I've had the best day today because Summer is finally officially over. To celebrate the first day of Fall, Sister See and I bought matching pink corduroy jackets. We are always doing things like that. The only thing that kind of tainted it was eating a peppermint lozenge (proffered by Sister See). I knew that the similarity of the peppermint lozenge's texture and taste to the pill-version of Peptol-Bismol (which I actually like in pill form if I am really sick--but I don't like it as a "treat" in the check-out line) had the potential to be extremely nauseating. Nevertheless, I took it from Sister See in good faith, which was a mistake. That little lozenge almost brought the house down--my gastric house. I wasn't so close to vomiting that my mouth was watering and those glands in the back hadn't started to have that swollen feeling yet but I would say I was at about 4 alarms which required me to close my eyes and put my fist to my mouth and take several deep, slow breaths to stave off the vomit. Say what you will about those lozenges--they are potent.
No one noticed me because Sister See and the check-out lady were busy counting the 70 pieces of gold Sister See had brought to the store to pay for her goods.
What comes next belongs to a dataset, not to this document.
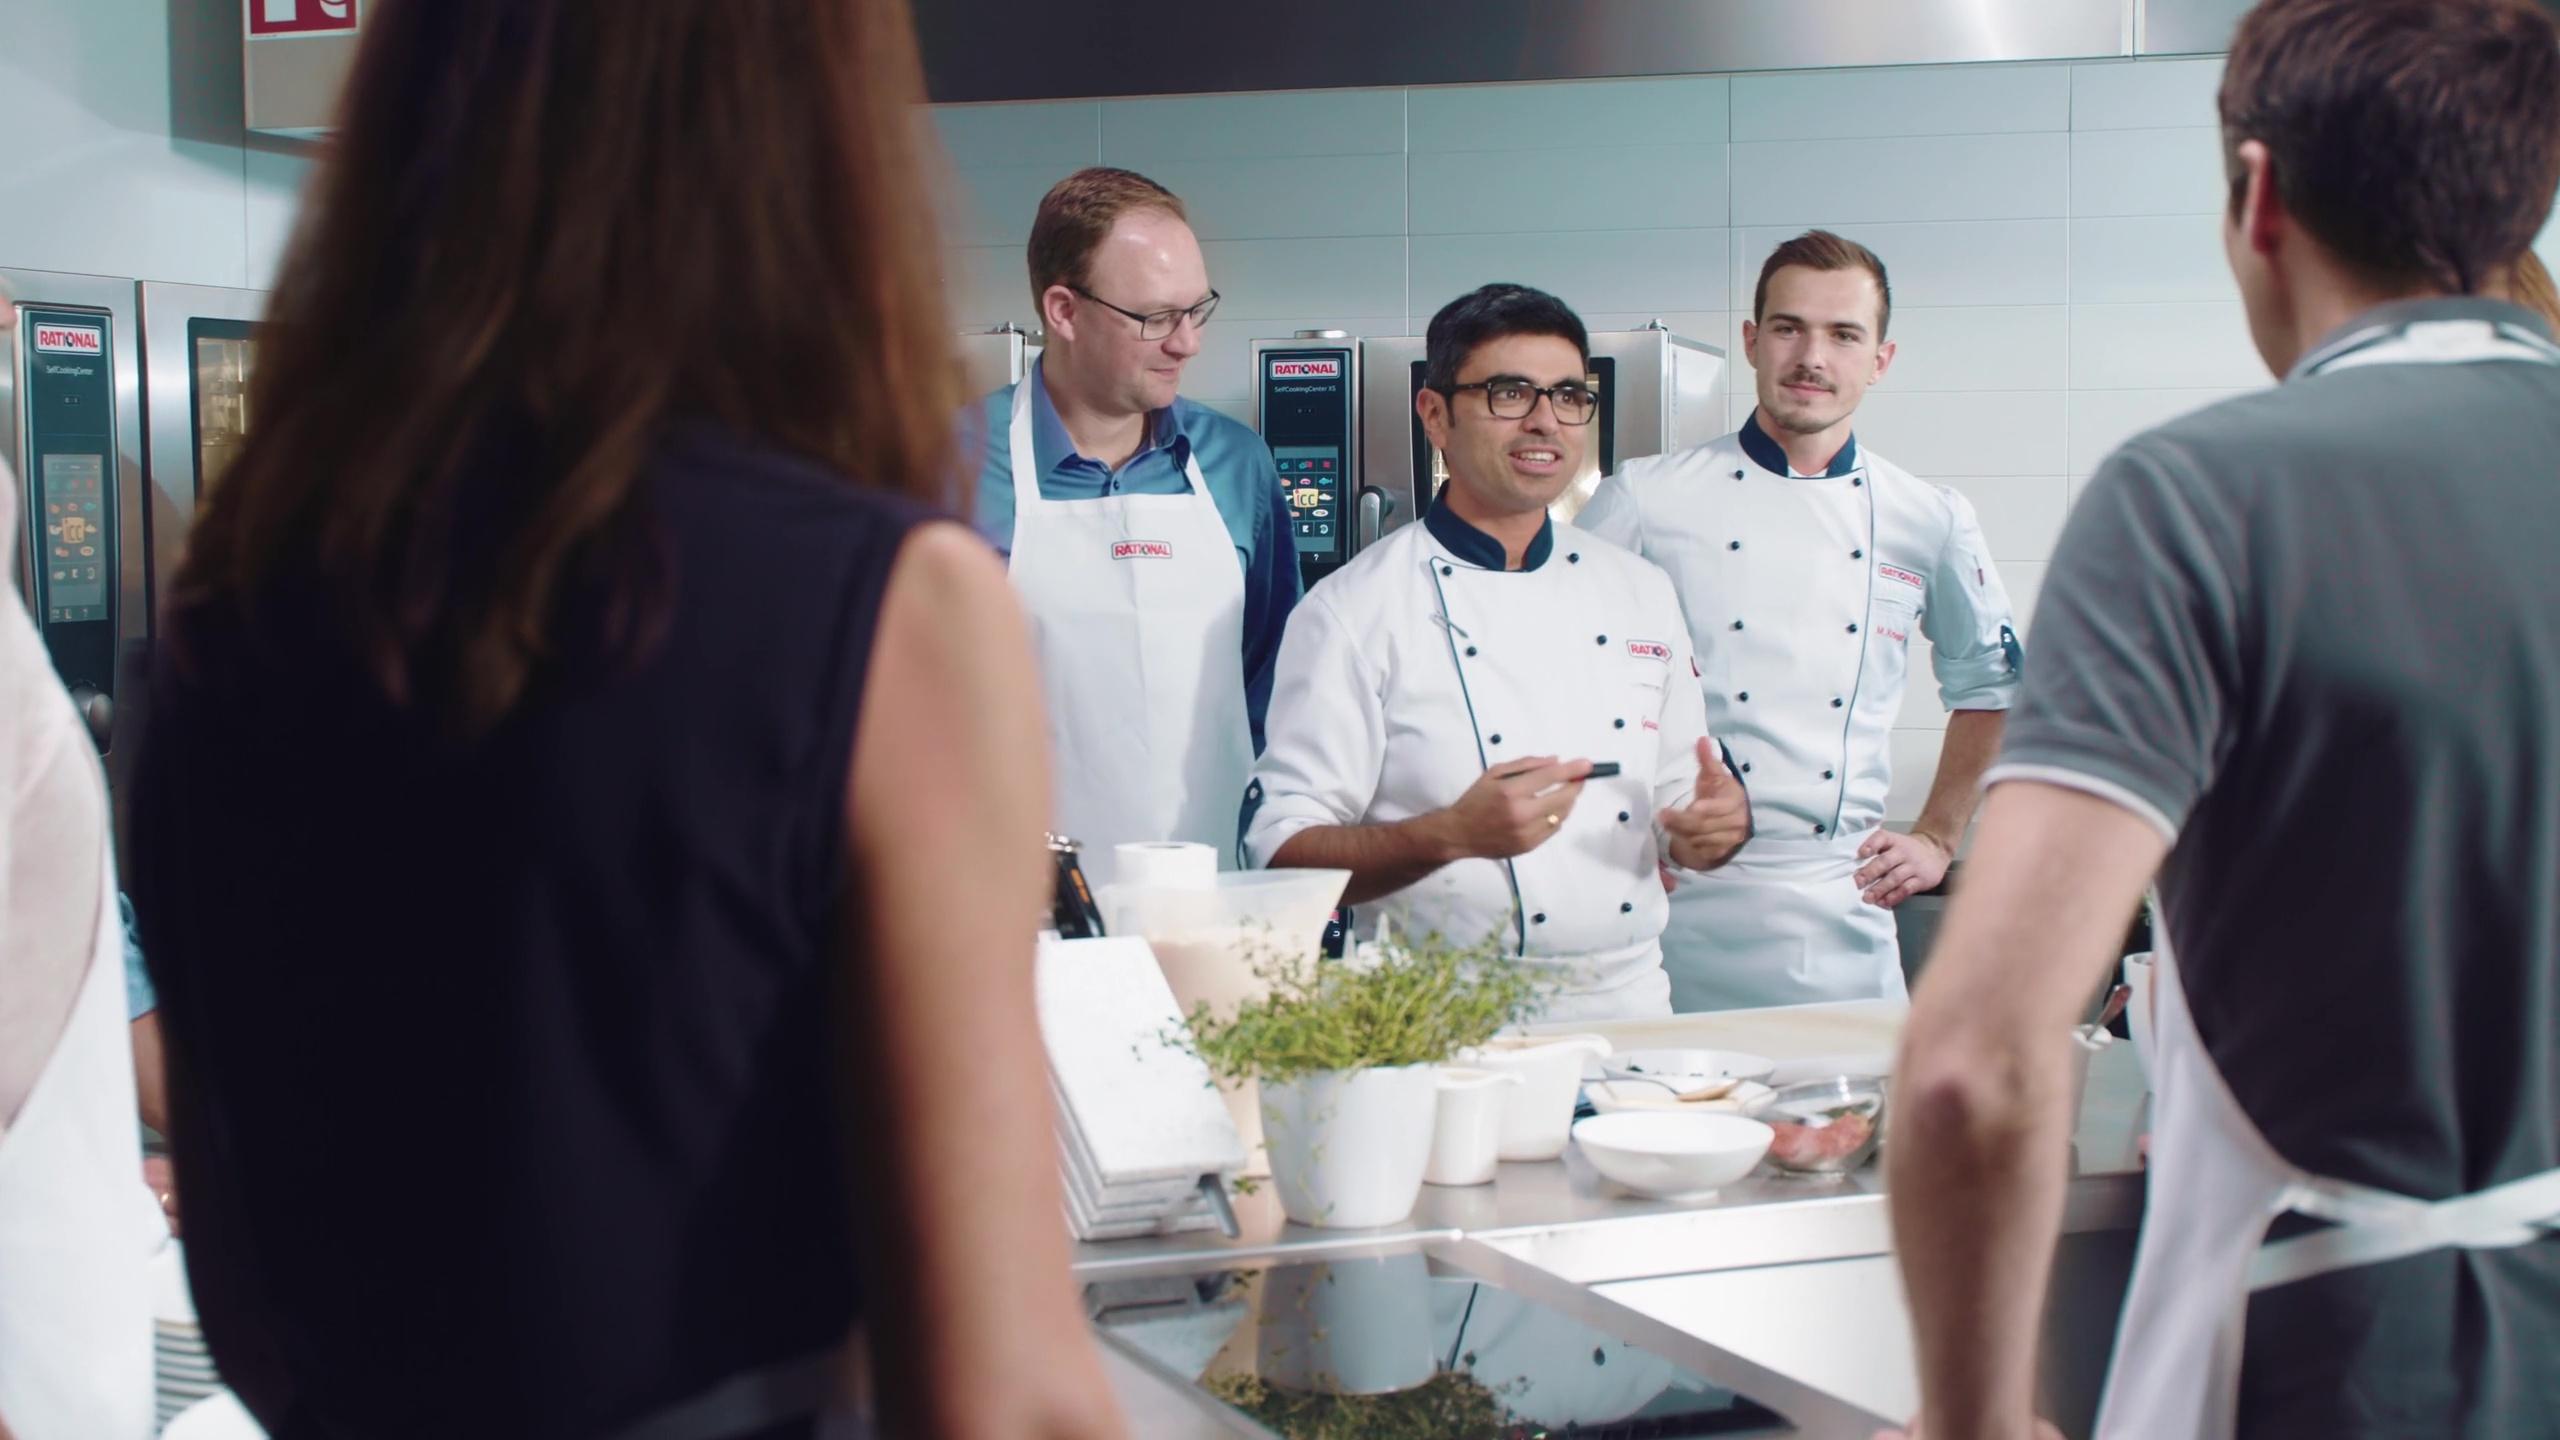 Küchenleiter gibt ein Briefing

And by that I mean 70 gold dollars she had received for her 70th birthday which we had carried to Walmart in a rather large prescription pill bottle with the peppermint lozenges. After the money was counted she looked up at me with her big watery generous eyes and offered me another lozenge. I was still reeling from the first one and--though I was, on the one hand, appreciative that she would offer me her last lozenge I was, on the other hand, disgusted by the prospect of choking down another chalky minty sickening piece of "candy." One hand went to my heart at the thought of it while I braced myself against the counter with the other. I could feel a deep grimace on my face even as I fought to stifle it. I think I managed a very polite "No thanks," considering the circumstances.
Something like that might have really set me back yesterday, when it was Summer. But today it was just so much water under the bridge. Why, you may ask, do I hate Summer and love Fall? Because Summer is awful and Fall is much more to my liking. And that my friends, is a good example of what "begging the question" really means. There's no need to say "that really begs the question. . ." when what you mean is, "at this point it makes sense to ask. . . " because that annoys some people--not me. . . especially in the Fall when I'm in such a great mood.
At this point it really makes sense to point out that petitio principii (begging the question) would be an awesome name for a spell in the next Harry Potter book. Preferably one that brings Dumbledore back to life. Why do I believe Dumbledore is alive? Because I know in my heart he is not dead.
Even in the event that Dumbledore really is dead, Happy Fall. You just can't beat it. Please don't say anything about how Utah is a desert. I know what I'm talking about (as evidenced by my use of Latin above).